### WHAT TO WORK ON
Under this line are the records; write out word for word the part that begins at the line containing "Scott Dixon Secures" and ends at the line containing "Portfolio Selection by", and no more.

### SUPPLIED ENTRIES
● ● ● ● ●

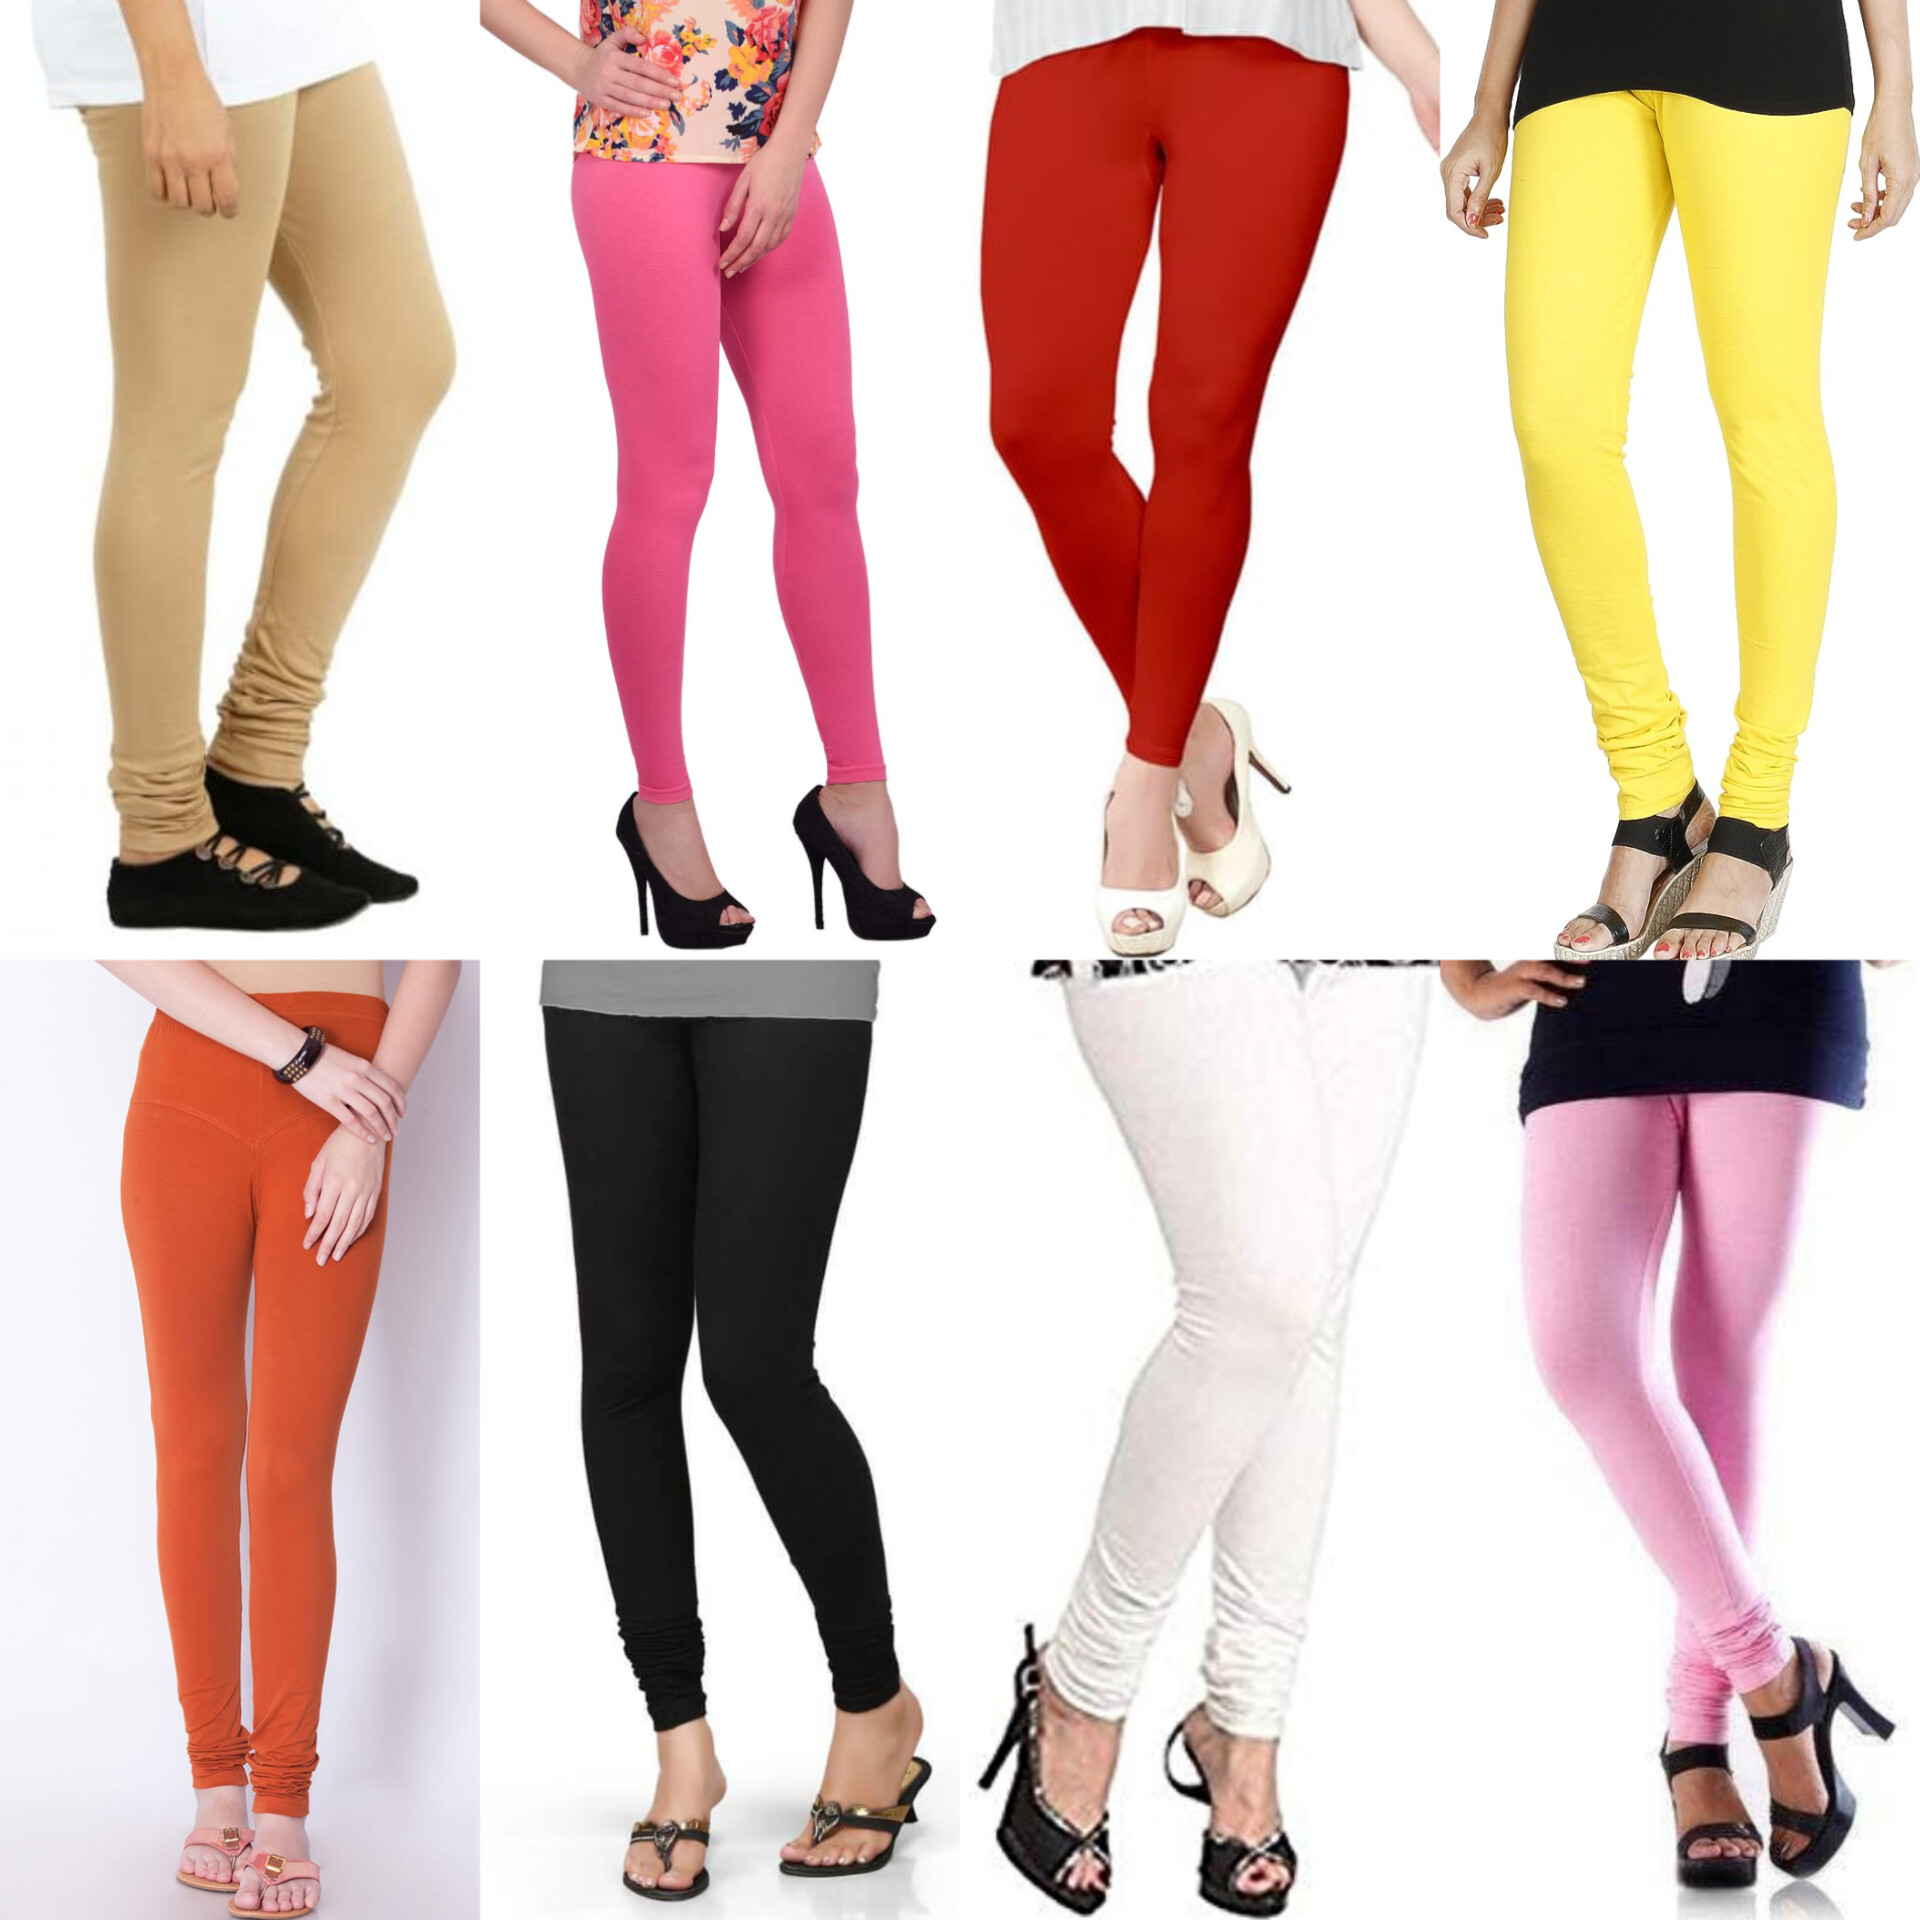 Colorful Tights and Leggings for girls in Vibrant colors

● ● ● ● ●

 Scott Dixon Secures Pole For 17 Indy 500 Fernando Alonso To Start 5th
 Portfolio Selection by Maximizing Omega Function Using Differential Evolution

● ● ● ● ●

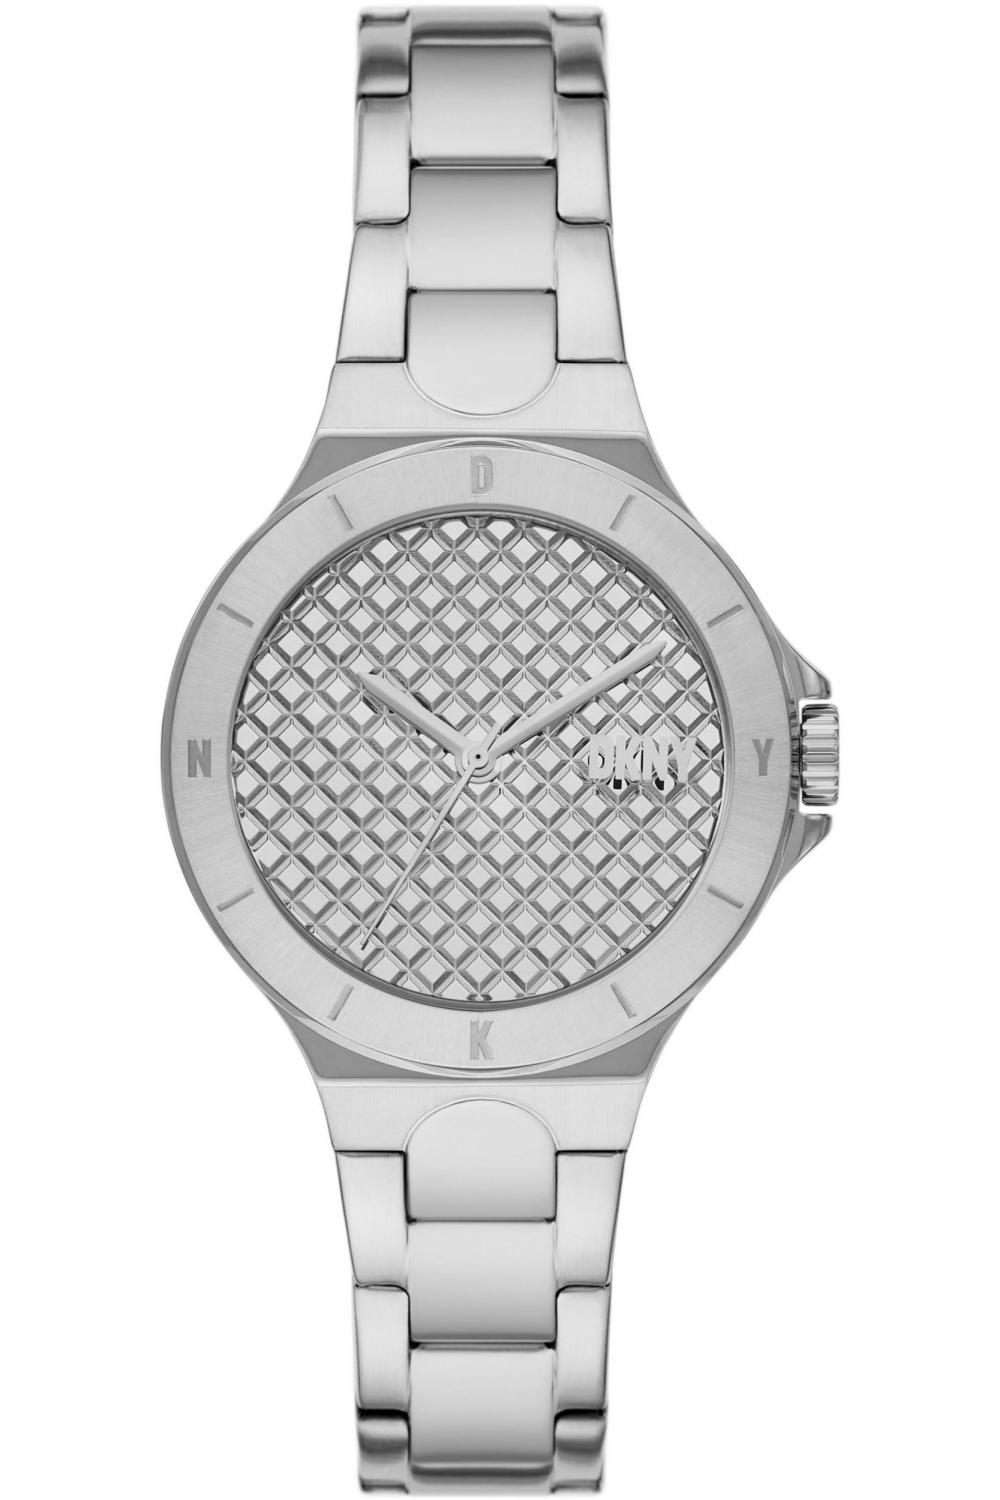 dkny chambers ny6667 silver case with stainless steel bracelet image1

● ● ● ● ●

### ANSWER FOR THE TASK
 Scott Dixon Secures Pole For 17 Indy 500 Fernando Alonso To Start 5th
 Portfolio Selection by Maximizing Omega Function Using Differential Evolution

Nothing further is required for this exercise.